Some things are a lot browner than others, due to variations in the mix when making up more as it inevitably didn’t go as far as I’d expected. The first batch had too much washing up liquid (which you add to break the surface tension), and so was bubbling up and settling weirdly when I brushed it on; the next batch I added barely any and it just didn’t spread out right. So, I bodied my way through - trial and error, the bread and butter of the wargamer! 

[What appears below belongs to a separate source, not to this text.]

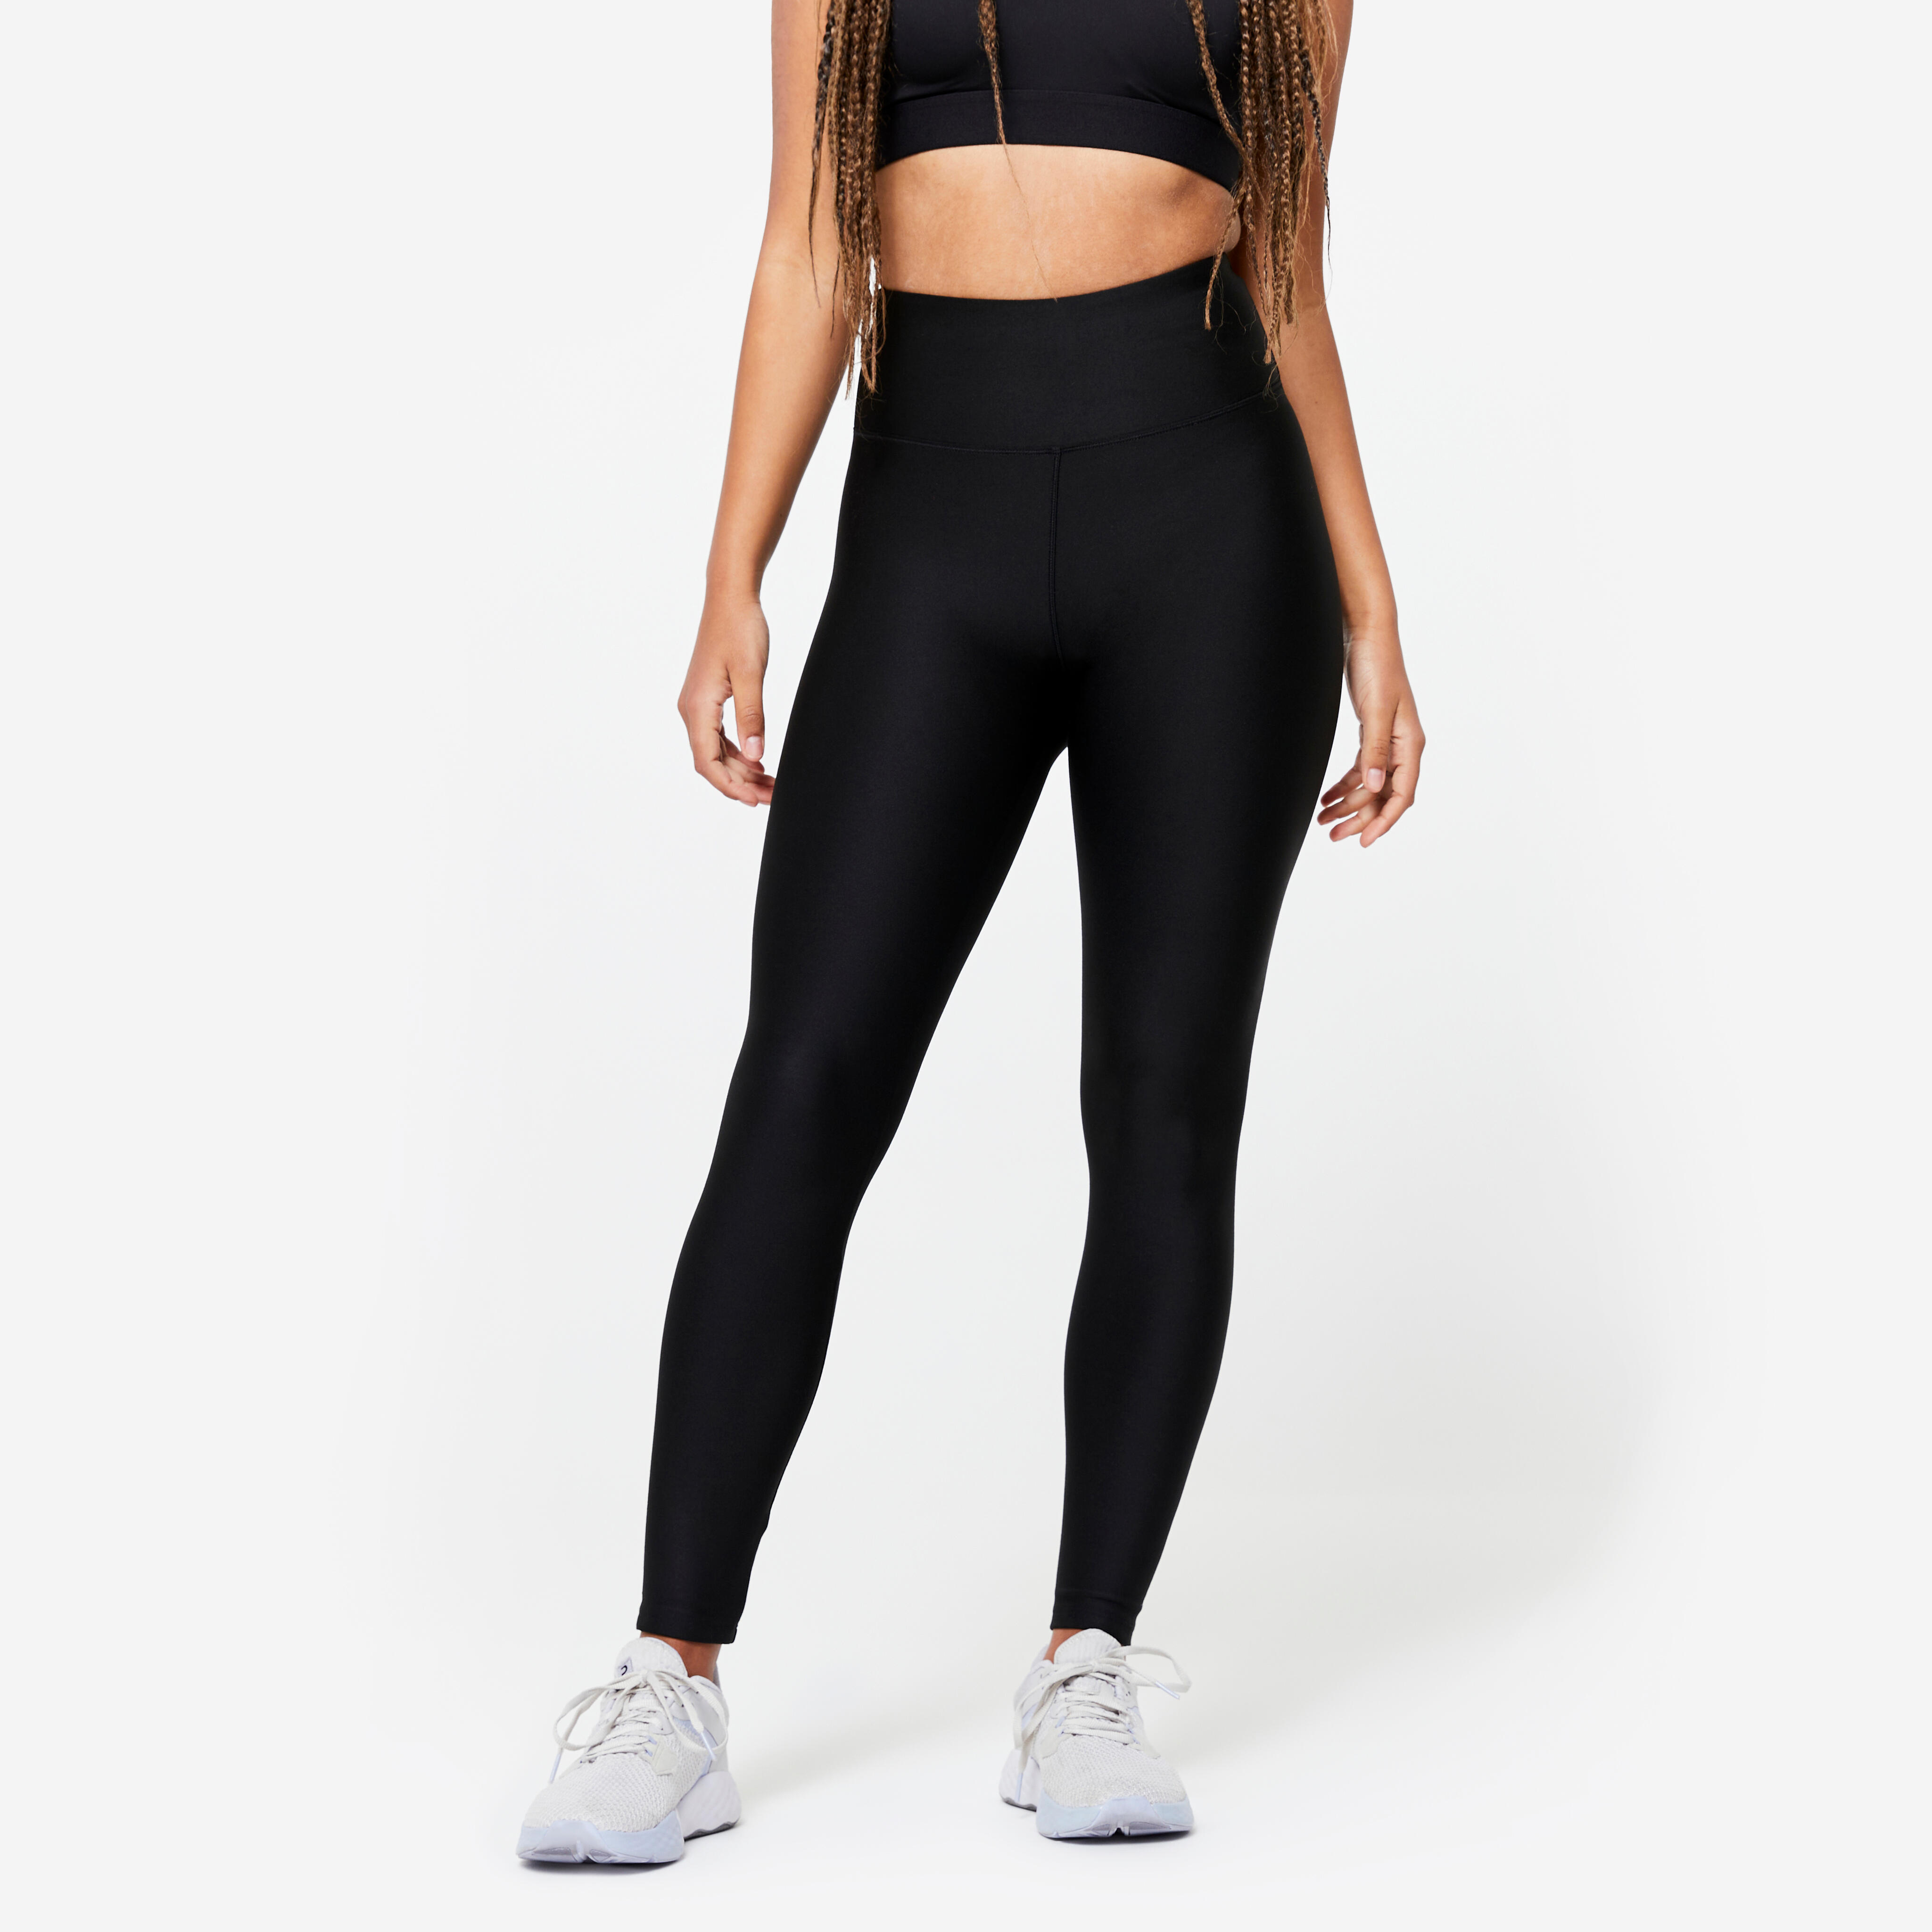 Women’s Fitness High-Waisted Leggings – FTI 100 Black

As seems to be a pattern with this, two months pass and now it’s August (although admittedly it’s not that I’d not been doing anything, having knocked the rest of the checklist off in the intervening time), and with two weeks off work and everything else on the checklist completed I was determined to get these tiles over the finishing line! And so, armed with a Poundland makeup brush and three tester pots from Wilkos (a grey, light grey and cream, which are close enough to the colours I use when painting miniatures’ bases) I got to work:


The first two shades of grey admittedly didn’t really look like much had changed when applying them, but when it came to the cream the magic really happens:


I was initially going to skip the cream step, having read something where someone said that they tended to paint their boards darker than their miniature bases in order to make them stand out more, but I’m glad I didn’t in the end as they would have looked a little bland and flat otherwise!

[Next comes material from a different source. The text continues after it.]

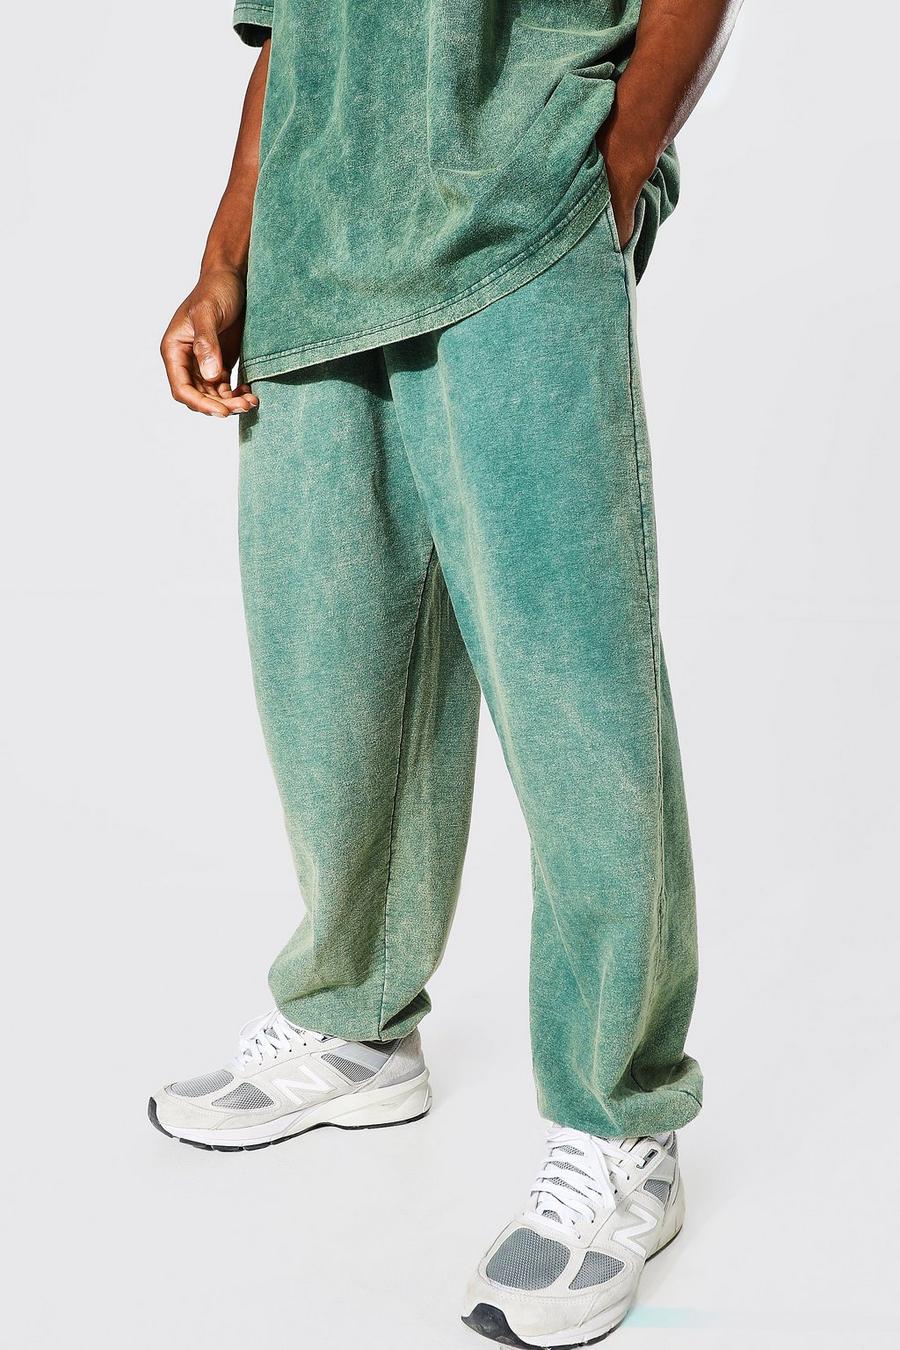 Pantaloni tuta oversize slavati, Green verde image number 1

I also drybrushed some Amera craters that have been sat for years waiting to get some love since I picked them up from their stand at Salute many years ago:


I think I might have gone a bit overboard with the final pass, and they’ve come out a little paler and chalkier than I had initially envisioned, but for some cheap and cheerful difficult terrain I’m not fussed enough to go back and repaint it, truth be told. I guarantee that at least one will see use in Frostgrave, with a treasure token at its centre, because it amuses me no end to imagine a wizard seeing a pair of boots in the middle of a crater and sending a Thug off to go fetch it rather than picking it up themselves lest it still be a bit explodey…

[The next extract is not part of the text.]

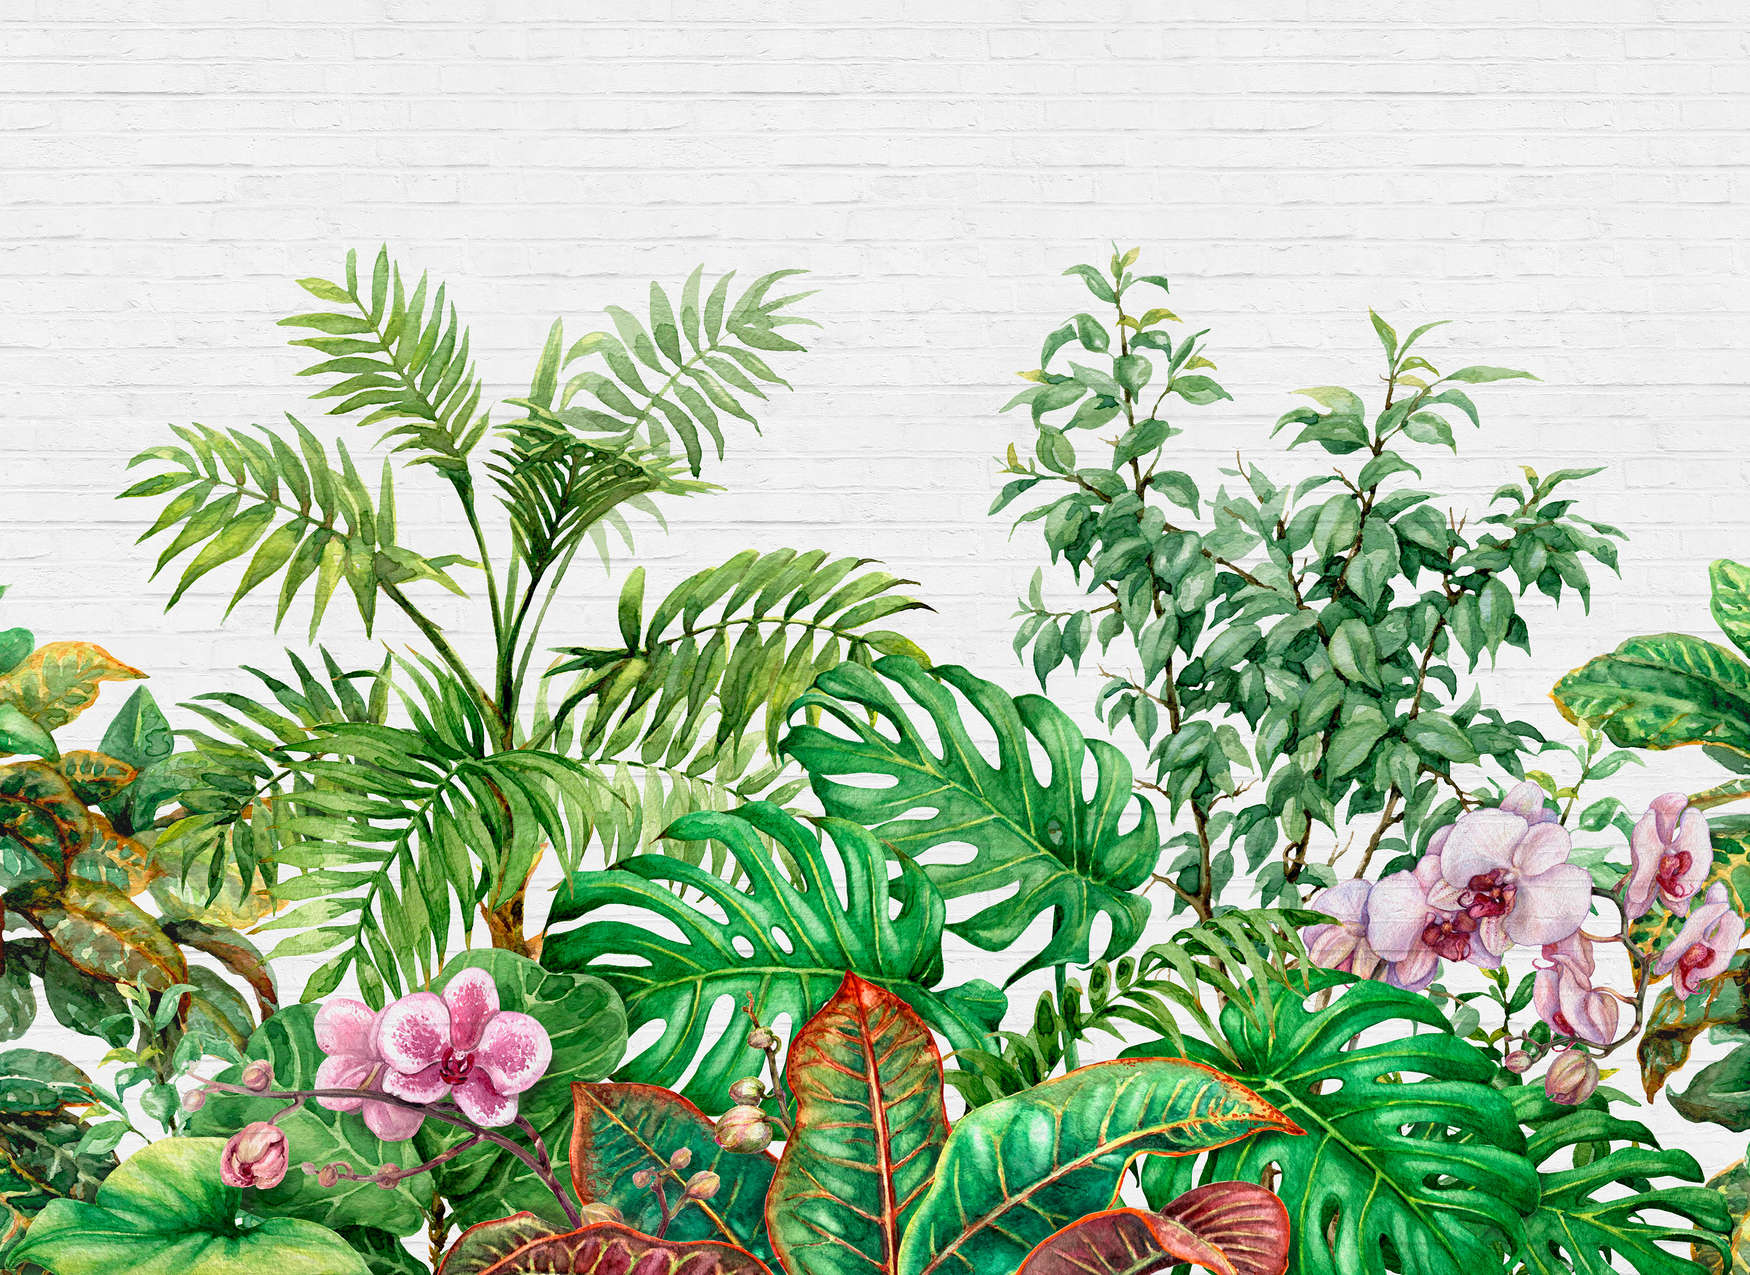             Mauermotiv mit Dschungelblättern – Grün, Weiß, Rosa

And here it all is again in the perfect sized box, but finished this time:


On the non-task-completing side of things, it was my birthday on Monday, which came with a hit to the Tally:


The Reaper Fungal Queen because it’s lovely, and also this Oglaf strip:


And the set of Bandits & Brigands (giant compared to some rangers, but lovely regardless) is to jumpstart my Ronin of Shadow Deep project, as there are some lovely minis that will work perfectly for a roving band of Ronin wandering the land dispatching evil and presumably posing dramatically all the while. 

These bring the Tally to:

19 vs 19 = +0

Still in the black, just!

I also got a paint shaker, having seen a multitude of videos where people espouse the virtues of them for salvaging old paints (of which I have many). My first attempt was on a pot of Liberator Gold which is so separated it’s just orange paint now… the initial shakings just smoothed out the orange with the assistance of the glass bead I’d popped in, so my wife suggested scraping the metallic pigment out of the bottom of the pot where it had seemingly settled and set, and whilst further shakings did make some strides towards unifying the paint it still isn’t what I’d call useable. This might not have been a fair test though, as that pot is probably beyond salvaging…


So, what’s next? Playing a game of Rangers of Shadow Deep! Although I should probably paint some miniatures too, as I treated myself with some birthday money to a copy of the updated Rangers book, and added some miniatures on to the order to get free shipping, so I’ll be back in the red on the Tally sooner rather than later!